Kline’s February 17 gig was at Egizio’s Project, a little gallery space in Soho where Patrick Grant is curating a concert series called “One-Two-Three-Go!”; hardly worth publicizing them, because the place was already packed up to the heating vents with listeners. Two of Kline’s four pieces were based on the quotation technique I’m referring to. Mirage (I Only Have Eyes for You) was a video piece with electronics whose halo of glissandoing tones gradually allowed the pop song referred to in the subtitle to blur through as though from a distant room. And in A City Called Heaven, Kline sang an altered version of the old Southern hymn “I Am a Poor Wayfarin’ Stranger” as Eve Beglarian crooned ebbing and swelling wordless tones, and Todd Reynolds spun out a delicate background on violin. Meanwhile, a digital delay system sustained their tones into a wash through which the song was just intelligible.

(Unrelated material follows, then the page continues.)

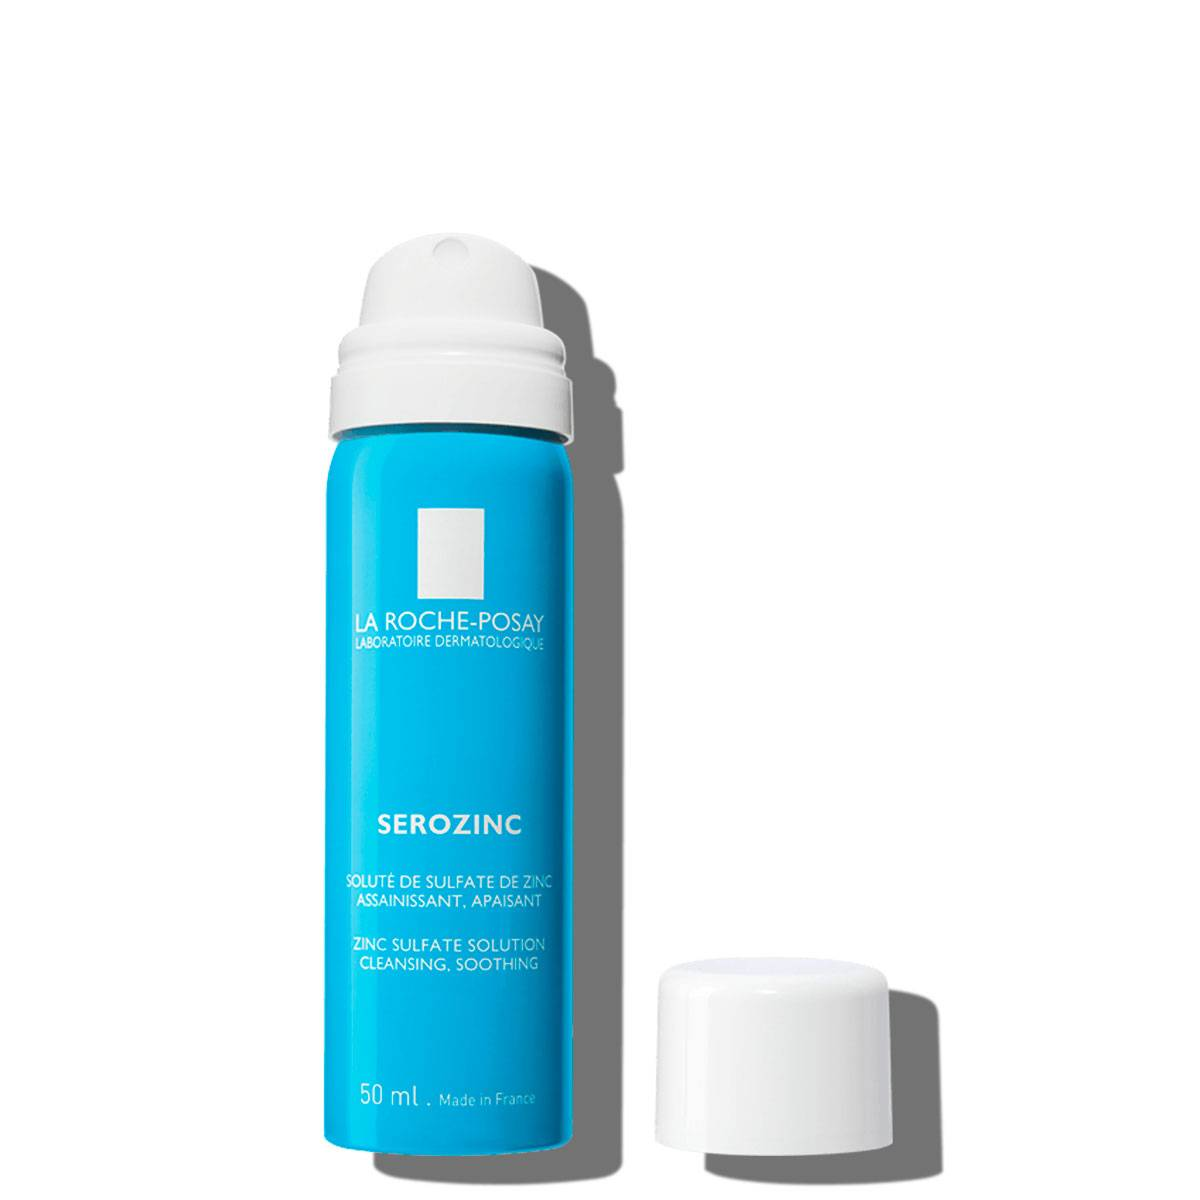 La Roche Posay Tuotesivu Serozinc Spray Zinc 50ml 3337875522601 Open

Delayed signals are central to Kline’s aesthetic—he’s best known for his music for multiple boom boxes, which he sometimes uses to record each other in recursive loops. More often, though, his textures echo back and forth from boom boxes carried on the shoulders of pedestrian volunteers; you’ll hear the effect on the new recording of his famous Unsilent Night, a peripatetic Downtown Christmas tradition, just released on a Cantaloupe compact disc. But delay isn’t his only technique, and I can’t figure out how he gets the orchestral textures of bells and strings in pieces like Mirage; sometimes no simple repetition seems present, and I can only shut up and listen. Reynolds, though, also played four Kline études for violin entirely based on digital delay, something like Steve Reich’s Violin Phase only less ambitious and more melodic. Each line of crisp eighth notes Reynolds tossed off became background to new melodies, the results often sailing along in oddly restful tone clusters.
Apparently not content to write music just to sit and listen to, Kline, as his concert career expands, is adding text and video. His use of text I’m not totally convinced by yet; in Mirage, it seemed to just drown out beautiful sounds—but his video sense is catching up with his music. The major work, Meditations in an Emergency, was a symphonic-sized accompaniment to videos he made himself—for example, panning back and forth from his hand in front of a New York sidewalk up to the tops of buildings over and over again, with shifts in perspective that formed a reasonable analogy to his music. (Despite its title, the piece was made prior to 9-11, though it now inevitably calls that emergency to mind.) The music, more strings and bells with obscured singing voices in the background, swirled from boom boxes hidden around the periphery of the room, like dry-ice smoke slowly enveloping us.
Here, too, was a sense of the identifiable—New York skyscrapers you’ve seen a million times—brought into contact with the ineffable: the repetition and transformation of abstract outlines. Of course, these smaller works of Kline’s don’t achieve the grandeur he can get in larger and longer sound assemblages, but everything he does—as Cage said of Feldman’s music—is just almost too beautiful.